The birds are also changing their behavior now that they have finished their post breeding moult. Many of the birds that stay here over the winter go into a full moult once the last chicks have fledged so during September they tend to skulk amongst the bushes keeping out of the way of predators as they can’t fly as well. They grow a new set of wing and body feathers ready for the winter. Birds which are very territorial during the summer such as Great Tits, become very social during the winter.
Some recent research on winter flocks of Great Tits has shown that individual behaviours affect their social lives. A project in Oxfordshire found they could identify Great Tits that were bold and those that were shy. The birds were electronically tagged and introduced into a new environment with sunflower feeders (which could read the tags). They found the bold birds tended to associate with other bold birds while the shy birds also formed flocks. If you see a flock of Great Tits (which can be up to 40 individuals) have a guess if they are a bold group or a shy one. Also bear in mind we do have 5 different species of Tit around the village – The Great and Blue Tits which you will regularly see on the bird feeders, Coal Tits which may occasionally appear, Long Tail Tits which tend to stay out in the countryside in flocks of 10 – 20 and the scarce March Tit (which I have seen in Grove Wood – see picture).
The plans for Wild Sherston are in hand set for 17th/18th May 2014 with Wiltshire Wildlife Trust, Butterfly Conservation and the Wiltshire Ornithological Society, amongst others, participating.

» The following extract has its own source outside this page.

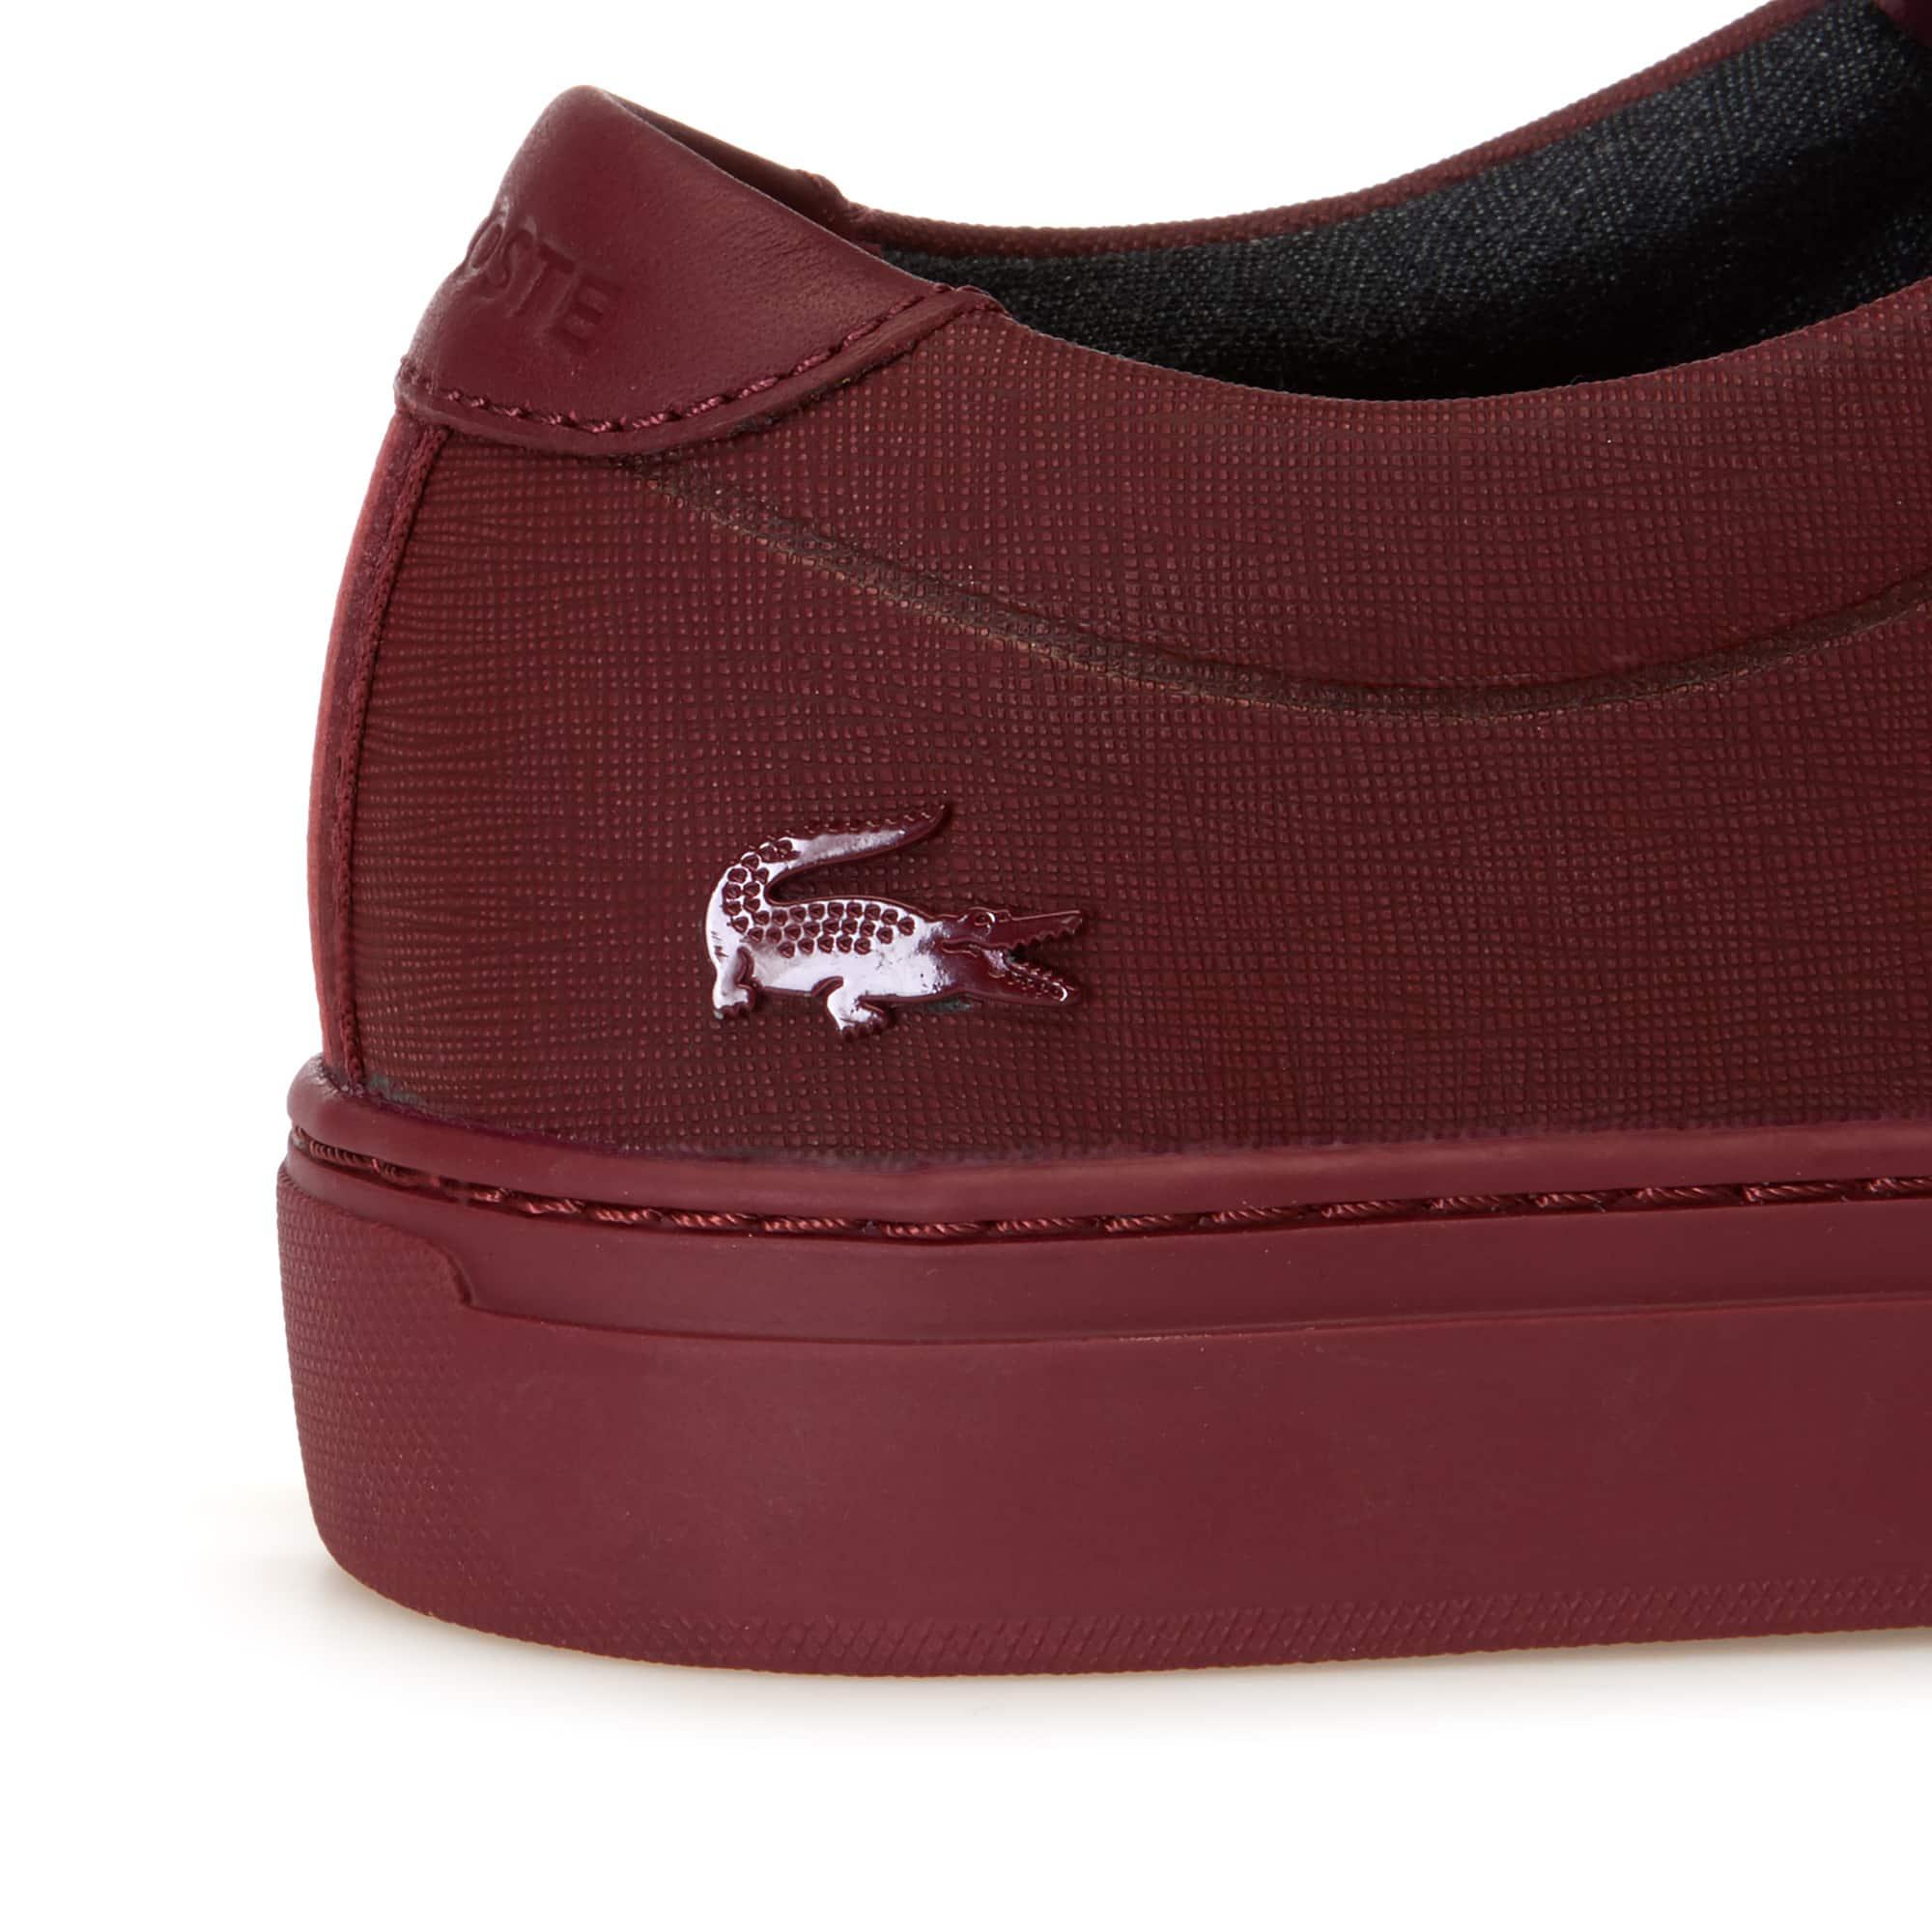 Lacoste - Sneakers L.12.12 homme en cuir de qualité supérieure - 6

Finally the second contribution to the Sherston Museum of Slightly Odd Things has arrived (following the rabbit skull a couple of months ago) the identification of which forms the first ever quiz in the column. In September, Pat Smith who lives in Wood Close found her curly garden hose had been chewed through. As you can see from the picture (with a lens cover to give a sense of scale) something has gone to some effort to chew it to bits. Any insights as to what may have caused this please let me know – the prize is a mention is next months edition!. If the cause can’t be identified maybe I should send it to Chris Packham..Marsh Tit Nov 2012 2

Any idea what chewed this?

Any idea what chewed this?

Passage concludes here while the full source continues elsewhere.